If your house is hit hard by a storm, you'll likely be covered for damage from wind or hail, says Loretta Worters of the Insurance Information Institute. But not all water damage is handled equally. "What we might call top-down flooding — from a leaky roof or a busted pipe? You're covered for that," she says. "But water that comes from the ground up isn't covered under a standard policy."
If you're worried your home might flood and you want insurance coverage, you'll need to purchase separate flood policy, either through the government-sponsored National Flood Insurance Program or from a private insurer. Premiums for flood policies average about $58 per month, according to FEMA, but can vary widely depending on where you live and your home's elevation.
That may seem like a hefty price tag, but if your home does flood, the policy can be valuable: In 2019, the average residential flood claim paid by the NFIP was $52,000. Just an inch of water can do more than $10,000 of damage in a 1,000 square foot property, according to FEMA.
Policies offered through the NFIP will often be among the cheapest, but they come with limitations. If your property has a basement apartment, it won't be covered, says Worters. "They'll only cover flooding in a basement if it has things like a hot water heater and a furnace — things they feel should be in a basement," she says.
And NFIP policies may not come with the coverage you need. For residential properties, the program will cover up to $250,000 in damage to the building and up to $100,000 for its contents, which may not be sufficient to cover the replacement cost of your house and stuff. In cases where NFIP would provide insufficient coverage, shop for a flood policy offered by a private insurer. You can find more information on NFIP policies along with a list of private insurers in your area at FloodSmart.gov.
Video by David Fang
Earthquakes aren't nearly as common or widespread as floods. Between 1996 and 2019, 99% of U.S. counties experienced a flooding event, per FEMA. But figuring out whether you need earthquake coverage can be a little more intuitive, says Fabio Faschi, property and casualty operations manager at Policygenius. "It doesn't take a property expert to know that there's a higher risk for earthquakes in California," he says.
Homes in certain parts of Alaska, Hawaii, Oregon, Nevada, and Washington are also at particularly high risk, according to Policygenius.

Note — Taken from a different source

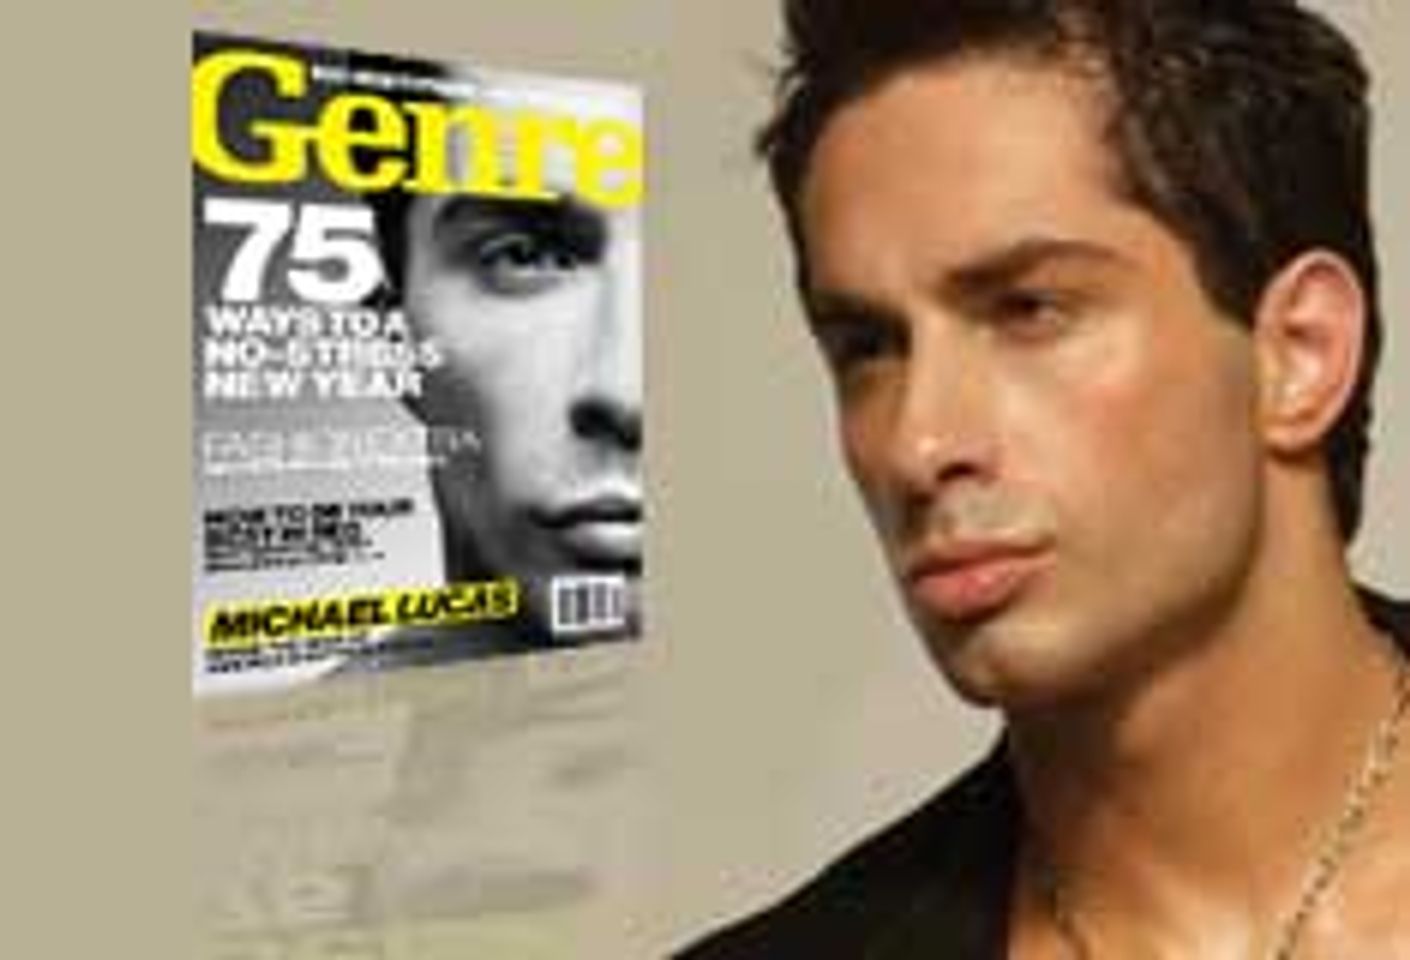 Michael Lucas Adorns Cover of Genre Magazine

The cost for earthquake insurance will vary depending on the construction of your home (brick homes tend to fare poorly during earthquakes, for example) and proximity to a fault line. Most policies in California are provided by the California Earthquake Authority, whose website shows the likelihood that your area will experience an earthquake by 2044, as well as your proximity to an active fault. The site also provides a premium calculator, but in general, Californians can expect to pay $500 to $1,000 in annual premiums for every $100,000 of coverage. Deductibles (what you pay out of pocket before your coverage kicks in) can run anywhere from 5% to 25% of the total insured value of your home.
If you live in an area where potential damage to your home from an earthquake is worth the cost of the insurance, head to your state insurance department website for a list of carriers that offer earthquake coverage, and shop policies. "Don't just buy insurance based on price. It's very important to be aware of the coverages, including the exclusions, that exist on an insurance policy," says Derek Ross, president of Kulchin Ross Insurance Services in Tarzana, California. Ask any licensed insurance broker you speak with to walk you through the fine print of any coverage you're considering purchasing, he says.
Video by David Fang
If you rent your home, damages to the house caused by a natural disaster aren't your problem — those are likely covered under your landlord's policy. But damage to your stuff very much is your problem, and damage caused by floods and earthquakes likely isn't covered by your renter's policy.
To determine if getting a policy is worth it, weigh the value of your stuff against the cost of coverage. Like homeowner's policies, flood policies depend on where you live and the condition of your dwelling.
Prices for contents-only flood insurance range from $150 to $900 a year. Premiums for earthquake coverage can range as high as $800 to $3,000 per year, depending on the state of your home and the likelihood of earthquake damage. If you're a renter interested in bolstering your coverage, compare standalone policies and explore adding riders or endorsements to your existing renter's policy, to see what level and price of coverage is right for you.